Yes, Christ was God, and in St. Jn. XX., 21-23 we read these remarkable words, "As the Father hath sent Me I also send you. When He said this He breathed on them; and He said to them: Receive ye the Holy Ghost. Whose sins you shall forgive, they are forgiven them; and whose sins you shall retain, they are retained." Now Christ's mission was to destroy sin, and He gave that same mission to His Apostles. Knowing that their merely human power as men was quite insufficient, He gave them a special communication of the Holy Spirit for this special work. To say that Christ did not confer a true power to forgive sins is to rob the whole ceremony and the words of Christ of any real meaning. And it was obviously a power to be exercised, Christians applying to the Apostles for forgiveness.

828. I believe that the Apostles received the power, but it was for them only and has not been handed on in the Church.

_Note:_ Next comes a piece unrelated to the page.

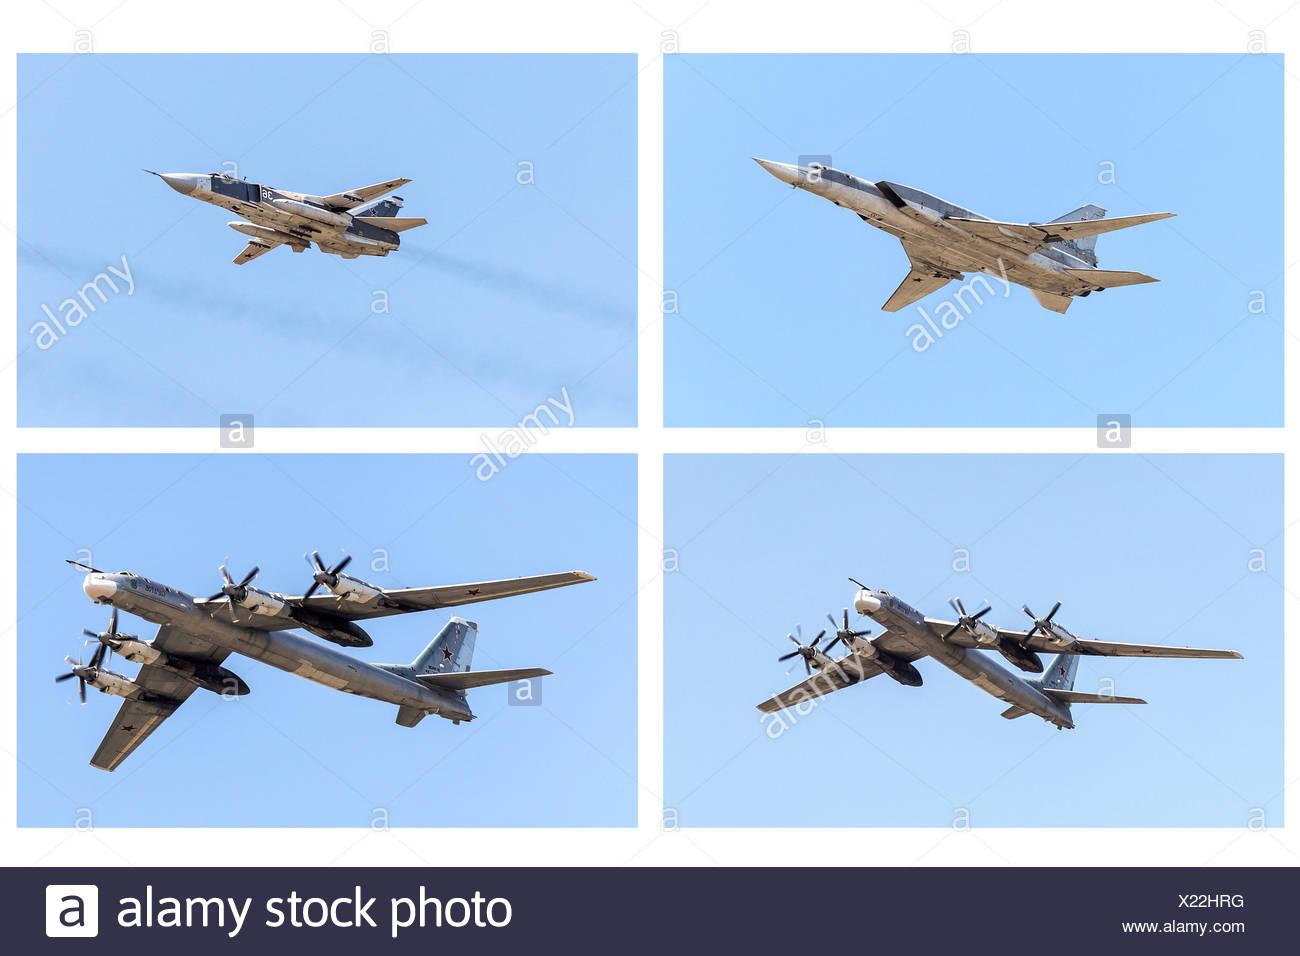 Diversi tipi di aerei militari foto immagine stock 276653092 alamy - Diversi tipi di figa ...

Christ commissioned His Church to teach all nations till the end of the world. The Apostles had to hand on all essential powers to their successors. And the conditions of salvation must be the same for us as for the first Christians. If those subject to the Apostles had to obtain forgiveness from their fellow men, there is no reason why we should be exempt. We share the same privileges as the early Christians and must have the same obligations. Till the Reformation all Christians went to confession. In the 4th century we find St. Ambrose defending Confession by saying that if a man can forgive sin by baptizing, he claims nothing greater when he claims the power to forgive sin through the Sacrament of Penance. That Priests possessed such power was Christian doctrine in his time and is still the doctrine of the Catholic Church. The Greek Church, which broke away from the Catholic Church in the ninth century, has retained this Apostolic practice. Protestantism gave up the practice in the 16th century because it was uncomfortable and mortifying. But once admit such a principle, and one could abolish every uncomfortable commandment of God.